The latest study, reported by Lyndsey Layton of the Washington Post, reports a staggering increase in child poverty across the nation. The majority of public school students in the South and the West now qualify for free or reduced price lunch. By federal standards, that means they are poor.

The United States has a greater proportion of children living in poverty than any other advanced nation in the world. We are #1 in child poverty. This is shameful.

The late Senator Daniel Patrick Moynihan once remarked on the phenomenon of "feeding the horses to feed the sparrows." In this case, the horses are the educational industrial complex. They are gobbling up federal, state, and local funding while children and families go hungry, lacking the medical care, economic security, and essential services they need. Instead of helping their families to become self-sufficient, we are fattening the testing industry. Instead of assuring that their schools have the guidance counselors, social workers, psychologists, and librarians the children need, our states are stripping their schools to the bare walls. Instead of supplying the arts and physical education that children need to nourish body and soul, we let them eat tests.

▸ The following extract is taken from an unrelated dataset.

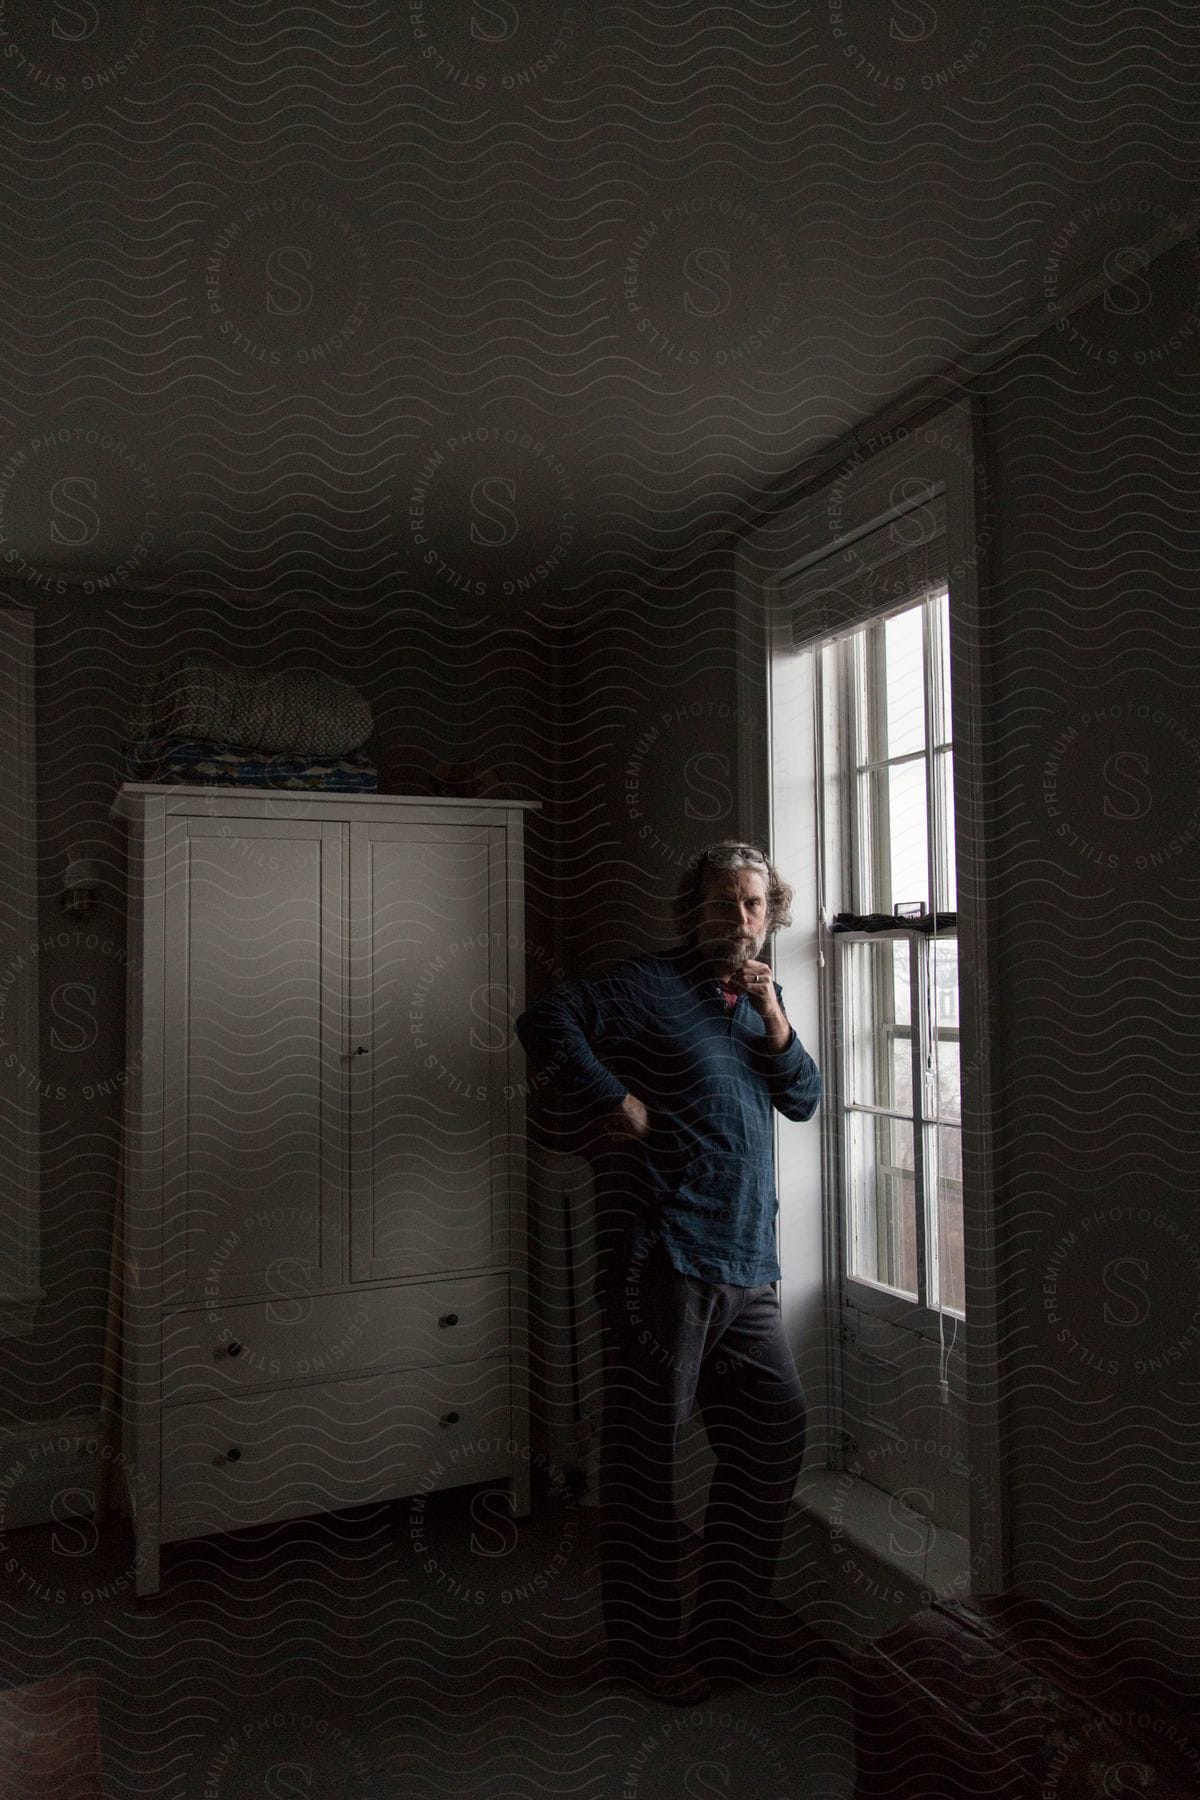 A man in his 50s standing in a dark bedroom next to a window with light coming in

Instead of giving the reduced class size where they get the attention they need, they sit in packed classrooms.

Every dollar that fattens the educational industrial complex -- not only the testing industry and the inexperienced, ill-trained Teach for America, but the corporations now collecting hundreds of millions of dollars to tell schools what to do -- is a dollar diverted from what should be done now to address directly the pressing needs of our nation's most vulnerable children, whose numbers continue to escalate, demonstrating the utter futility and self-serving nature of what is currently and deceptively called "reform."

Once these futile programs have collapsed, once they have been exposed as hollow (though lucrative) gestures, we will look back with sorrow at the lives wasted, the billions squandered, the incalculable damage to our children and our society.

Someday we will say, as we should be saying now, that we cannot tolerate the loss of so many young lives. We cannot continue to blame teachers, principals, and schools for our society's collective abandonment of so many children. We cannot allow, and should no longer permit, the income inequality that protects the billionaires and corporate executives while neglecting the growth of a massive underclass. The age of the Robber Barons has returned. Good for them, but bad, very bad, for America.